GPCRs constitute a superfamily of proteins. There are currently over 2000 GPCRs reported in literature, which are divided into at least three families: rhodopsin-like family (family A), the calcitonin receptors (family B), and metabotropic glutamate family (family C) (Ji et al., 1998). The reported GPCRs include both characterized receptors and orphan receptors for which ligands have not yet been identified. (Wilson et al., 1999; Wilson et al., 1998; Marchese et al., 1999). Despite the large number of GPCRs, generally, each GPCR share a similar molecular structure. Each GPCR comprises a string of amino acid residues of various lengths. GPCRs lie within the cell membrane in seven distinct coils called transmembranes. The amino terminus of the GPCR lies outside the cell with the extracellular loops, while the carboxy-terminus lies inside the cell with the intracellular loops.

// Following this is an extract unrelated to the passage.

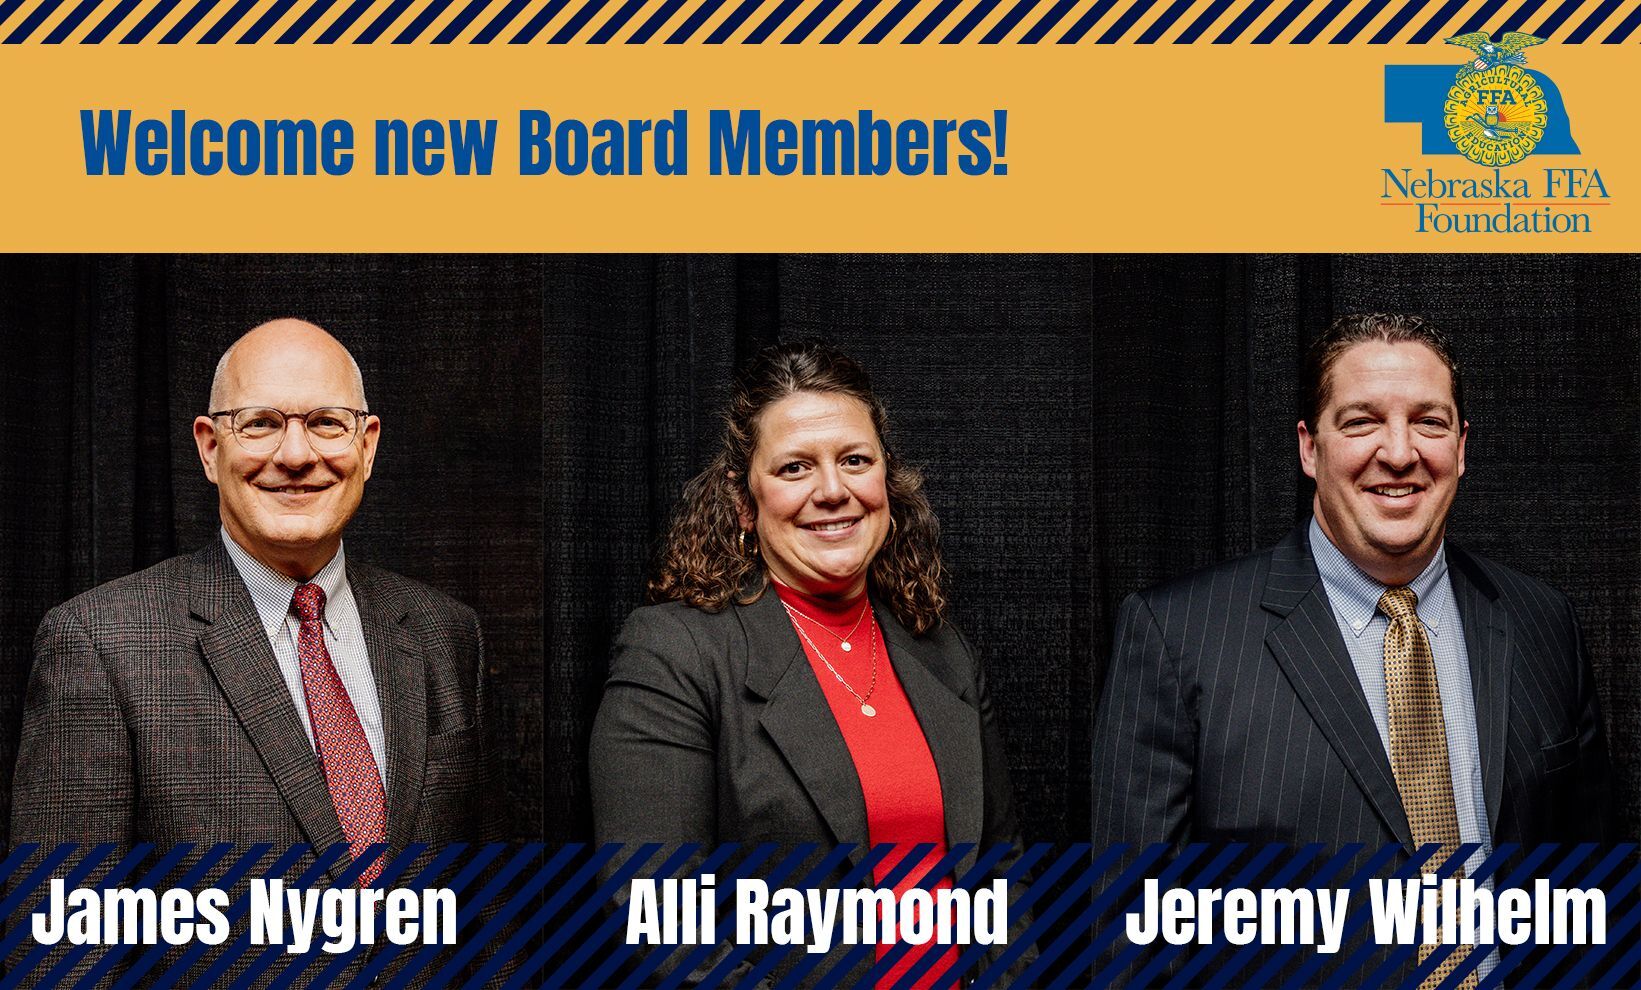 Foundation Welcomes New Board Members

The ligands for GPCRs comprise small molecules as well as peptides and small proteins. The interactions between these ligands and their receptors vary from system to system but they may require the interaction with residues in several of the four extracellular domains and the N-terminus. In some instances the N-terminus alone may maintain an ability to interact with or bind ligands. GPCRs with known ligands have been associated with many diseases including multiple sclerosis, diabetes, rheumatoid arthritis, asthma, allergies, inflammatory bowel disease, several cancers, thyroid disorders, heart disease, retinitis pigmentosa, obesity, neurological disorders, osteoporosis, Human Immunodeficiency Virus (“HIV”) infection and Acquired Immune Deficiency Syndrome (“AIDS”) (Murphy et al., 2000; Mannstadt et al., 1999; Berger et al., 1999; Jacobson et al., 1997; Meij, 1996;).
Accordingly, there is a need in the art for methods of producing modulators of GPCRs and the ligands that bind GPCRs for use as therapeutics. These therapeutics may be used to prevent or treat GPCR associated diseases and/or disorders.